Four Fire and Emergency New Zealand crew arrived on scene to help with CPR - rotating every two minutes.
Khan said having the fire crew there to do compressions gave her crew a massive advantage as it meant she and Martin could focus on other interventions such as injecting medicines and opening up his airways.
By that time, Nik's grandma, Hancock's mum, had arrived at the house.
"Grandma's a former nurse so she was able to explain everything that was happening.
"At one point one of the ambo crew came out and told us it wasn't looking good. I started to think dad wasn't coming back."
Hancock received seven shocks before the ambulance crew were able to get his heart to start beating again.
Khan said normally after six shocks you start to think you're losing them.
"It's not common for a person's heart to remain in a shockable rhythm for more than 20 minutes like Paul did.
"It's incredibly rare but awesome," Khan said.
The decision was made to put Hancock into a coma to relieve pressure on his brain and body.
He was taken in a critical condition to Auckland City Hospital, where it was initially thought his cardiac arrest was triggered by a heart attack. But as no blockages were found, doctors believe it may have been caused by a virus, which is rare.
Hancock was taken out of a coma the following morning and "miraculously" had no permanent brain or muscle damage. However, he couldn't remember a thing.
"The last thing I remembered was packing the car for golf the next morning."
He had a cardiac resynchronisation therapy device implanted in his chest and he spent 12 days in hospital recovering.
He didn't make it golf that day, nor did Nik make it to swimming coaching, but the family are eternally grateful to St John and FENZ for fighting to keep Hancock alive.
The crew reinforced how instrumental Nik was in stopping his dad from dying and stressed the importance of first aid training.
Nik said saving a life, let alone his old man's, was not something he ever thought he'd have to do.
"I think first aid training gets overlooked a lot of the time, especially among young people.
"If you have the opportunity to do [first aid training] then take it and focus when you are doing it because you never know when you are going to need it," Nik said.
About Restart a Heart Day:
• It's a day to raise awareness about the importance of first aid training with the hope of improving New Zealanders' chances of surviving cardiac arrest.
• About 1600 people die from a cardiac arrest in New Zealand each year.
• The chance of surviving a cardiac arrest is less than 15 per cent and every minute that goes by without CPR or defibrillation that rate drops.
• People over 18 who know how to perform CPR or use an AED can register with the GoodSAM app and be alerted to a cardiac arrest nearby.
About cardiac arrests:
• A cardiac arrest occurs when the heart stops pumping blood around the body.
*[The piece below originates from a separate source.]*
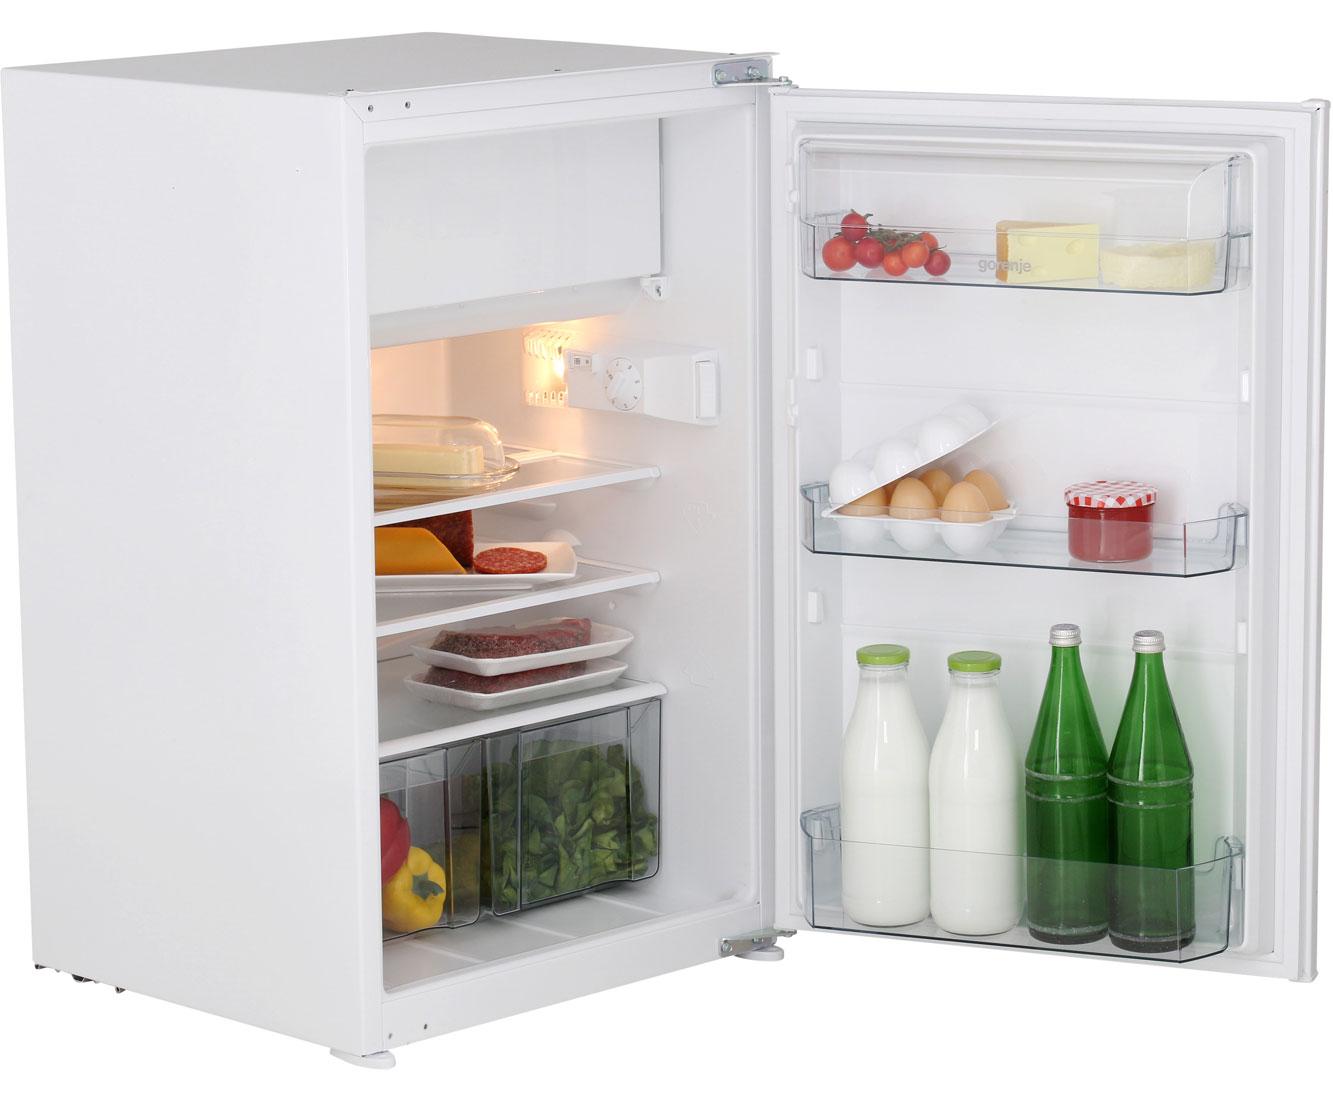 Smeg Kühlschrank Rafaello : Kühlschrank klein 23 einzug smeg kühlschrank klein buenrato

The person will stop breathing and lose consciousness almost immediately.
• If you witness a cardiac arrest, call 111 immediately.
• For many people, a cardiac arrest comes without any warning signs. However, some people can experience chest pain, dizziness, palpitations, fainting and/or breathlessness.
• CPR is a combination of rescue breathing and chest compressions.
• A heart attack is not the same as a cardiac arrest. A cardiac arrest occurs when the heart stops pumping blood around the body. A heart attack occurs when a coronary artery becomes blocked, preventing blood flow to part of the heart muscle. Sometimes a heart attack can cause a cardiac arrest.